Intuitive Surgical, Inc. (NASDAQ:ISRG) Q2 2023 Earnings Call Transcript

Gary Guthart: Yeah, it’s a good question. I think we see that one size doesn’t fit all. There are some folks for whom they still remain happy about capital purchases. They see it as the cheapest way for them to access systems. They have high confidence and they’re going to buy. There are some folks for whom capital is tight or scarce, and — or they’re interested in future technology protection clauses and they would try to lease. And there are some folks who are looking at expansions, are a little bit unsure about how fast volume might ramp and for them uses based arrangements give them some protections about ramp timing and speed. Our analytical capabilities are pretty good and our finance flexibility is pretty good. And as a result, we’ll have that conversation pretty direct way. And I think the market starts to settle where it settles. If you ask, do we have a strong preference for one of those models? The answer is not really.
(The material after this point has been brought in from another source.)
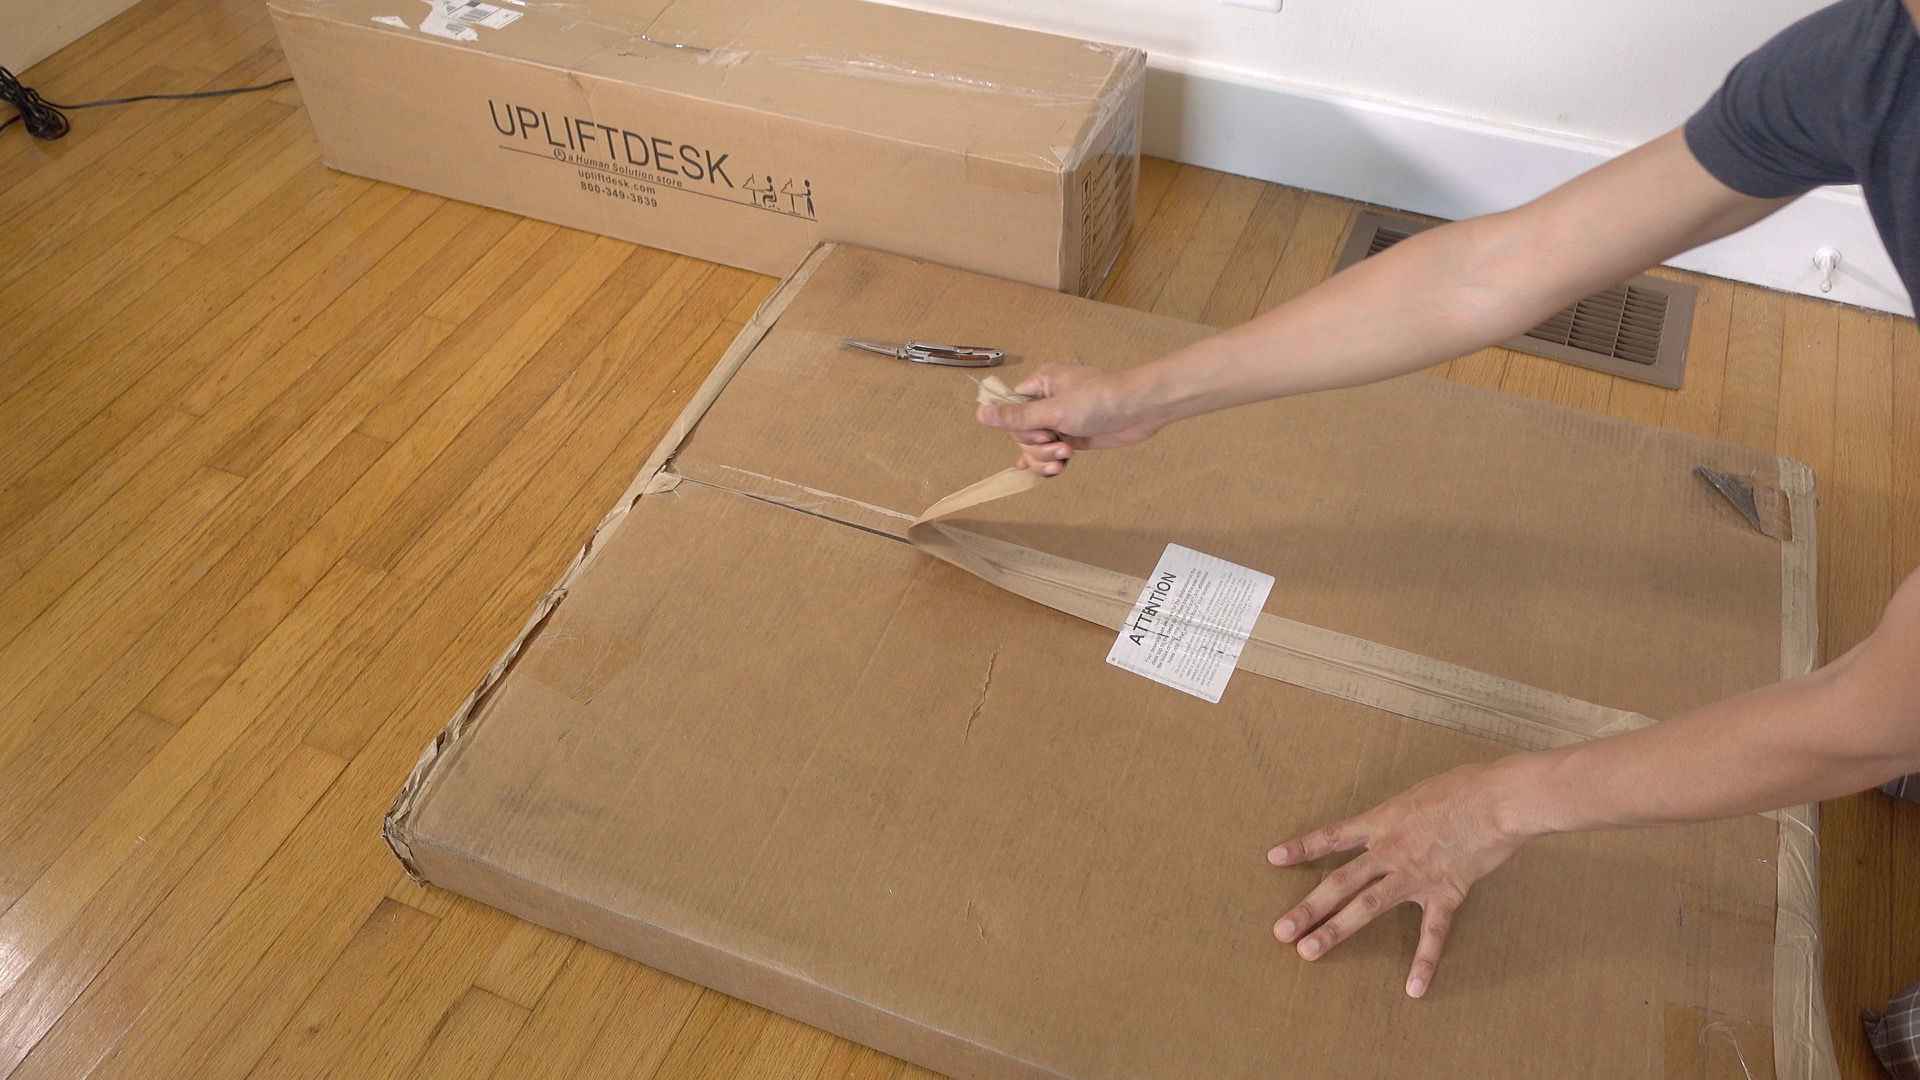 Uplift Desk Unboxing

Jamie Samath: The motivation by the way for the new disclosure was simply the rate at which those adoption of those models have grown, we felt like it was important to be transparent as to what portion of operating leases and placements that structure was. If you kind of assess all of our usage-based arrangements in aggregate, life today relative to usage patterns and economic objectives in total on average they’re slightly above our expectations. So they’ve performed well so far. That’s obviously a blend across different customers and systems, some are overperforming, some are underperforming. But I think part of the way that we operate the program is to look carefully, is it actually reducing barriers for accelerated growth for our customers and is it producing the economic results for us and our customers? And as we and customers have gained confidence, that’s part of the reason why it’s expanded the way it has.

Ryan Zimmerman: Thank you.

Operator: And we’ll go to the next line. Go to the line of Drew Ranieri, Morgan Stanley. Please go ahead.

Drew Ranieri: You’re squeezing me in here. Maybe just one other follow-up question on bariatrics, but maybe a different angle. I mean we’ve talked to some general surgeons too that they’re kind of suggesting that these new drugs might even open up potential procedure categories where these patients might not have been suited to have surgery. Gary, kind of like, what are your views on this? Do you see some near-term disruption from GLP-1s on the bariatric side, but maybe this opening doors for other procedure categories? Thanks.

Gary Guthart: Yeah. That that’s a little bit of the narrative we’re hearing too. We go out and canvas our customers pretty widely. There may be a role for kind of a new adjuvant use of drugs. And then as you say, that may condition some patient populations to be beneficiaries of surgery downstream. There may be folks who start the drugs, get the benefits that they were hoping for, but either side effects or the costs or the changed lifestyle that drugs are implying, make it hard to sustain. There’s a fair amount of that in the literature. So that may — that population may look for other solutions. I think we’re just going to have to work through it and see. What we don’t see yet is a magic pill, one that cures it and doesn’t require behavior change or other lifestyle modification.

And that — and it seems unlikely. And as a result, I think we’re going to see an adjustment. How long that adjustment period lasts? None of us know. But we know that there will be a role for surgical and mechanical intervention after the fact and I think we’re well positioned. And as Jamie had mentioned, it looks like even in the current environment, the share continues to move our way. So we’re going to stay close to it.

Drew Ranieri: Is there any procedure categories that are coming up in your conversations that stand the most to benefit?